Privately Learning from Graphs with Applications in Fine-tuning Large Language Models
- URL: http://arxiv.org/abs/2410.08299v2
- Date: Tue, 16 Sep 2025 18:52:07 GMT
- Title: Privately Learning from Graphs with Applications in Fine-tuning Large Language Models
- Authors: Haoteng Yin, Rongzhe Wei, Eli Chien, Pan Li,
- Abstract summary: Learning from graphs often involves handling sensitive relationships in the data.<n>Existing privacy-preserving methods, such as DP-SGD, rely on gradient decoupling assumptions.<n>We propose a privacy-preserving pipeline for relational learning that decouples dependencies in sampled relations for training.
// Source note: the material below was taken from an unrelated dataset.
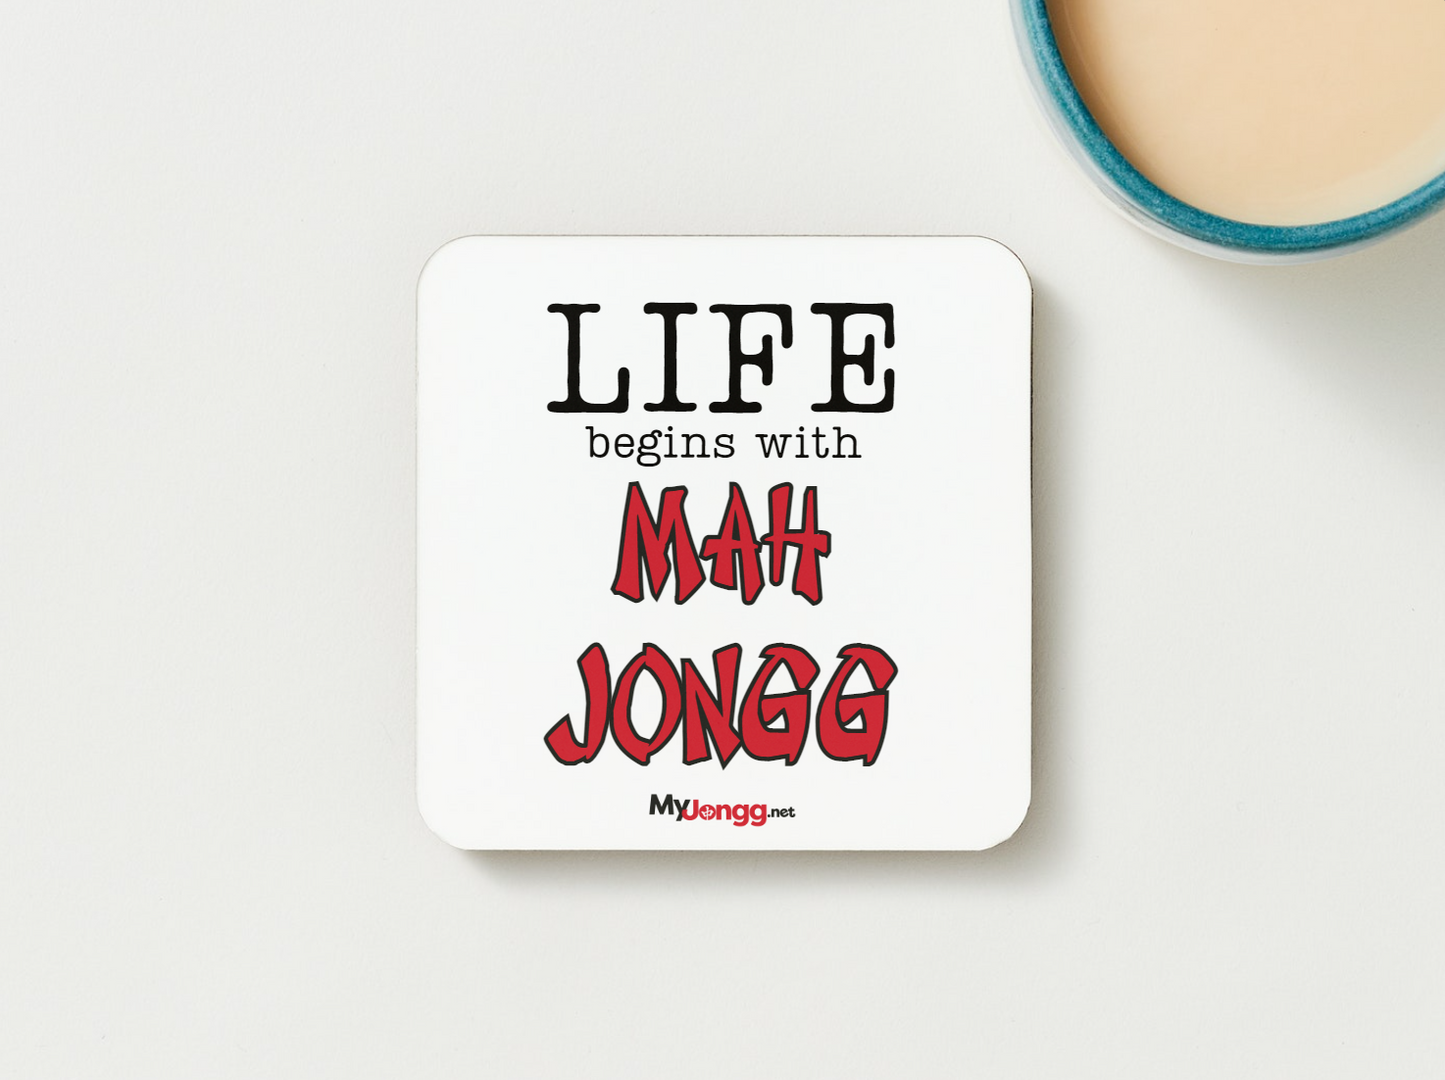 Square Hardboard Mah Jongg Coasters - Set #1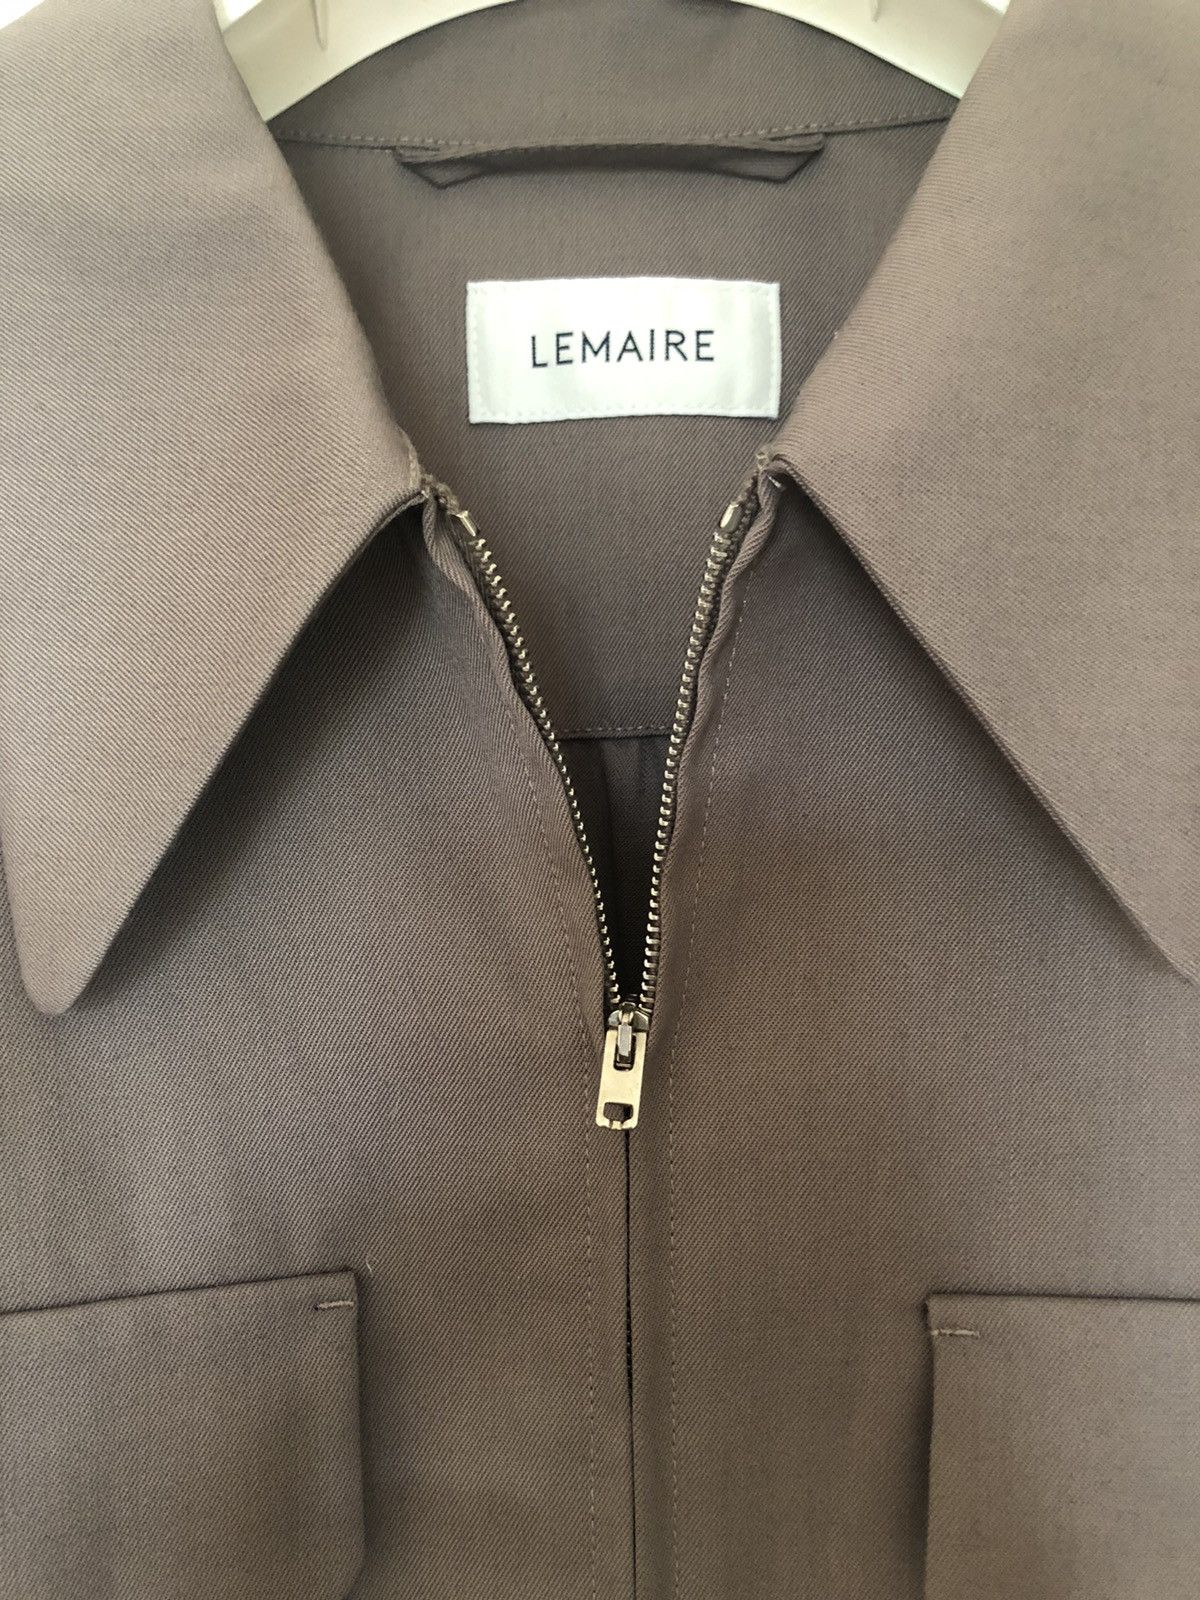 Lemaire Zipped light jacket Size US M / EU 48-50 / 2 - 9 Thumbnail

- Score: 20.63522374493782
- License: http://creativecommons.org/licenses/by/4.0/
- Abstract: Graphs offer unique insights into relationships between entities, complementing data modalities like text and images and enabling AI models to extend their capabilities beyond traditional tasks. However, learning from graphs often involves handling sensitive relationships in the data, raising significant privacy concerns. Existing privacy-preserving methods, such as DP-SGD, rely on gradient decoupling assumptions and are incompatible with relational learning due to the inherent dependencies between training samples. To address this challenge, we propose a privacy-preserving pipeline for relational learning that decouples dependencies in sampled relations for training, ensuring differential privacy through a tailored application of DP-SGD. We apply this approach to fine-tune large language models (LLMs), such as Llama2, on sensitive graph data while addressing the associated computational complexities. Our method is evaluated on four real-world text-attributed graphs, demonstrating significant improvements in relational learning tasks while maintaining robust privacy guarantees. Additionally, we analyze the trade-offs between privacy, utility, and computational efficiency, offering insights into the practical deployment of our approach for privacy-preserving relational learning. Code is available at https://github.com/Graph-COM/PvGaLM.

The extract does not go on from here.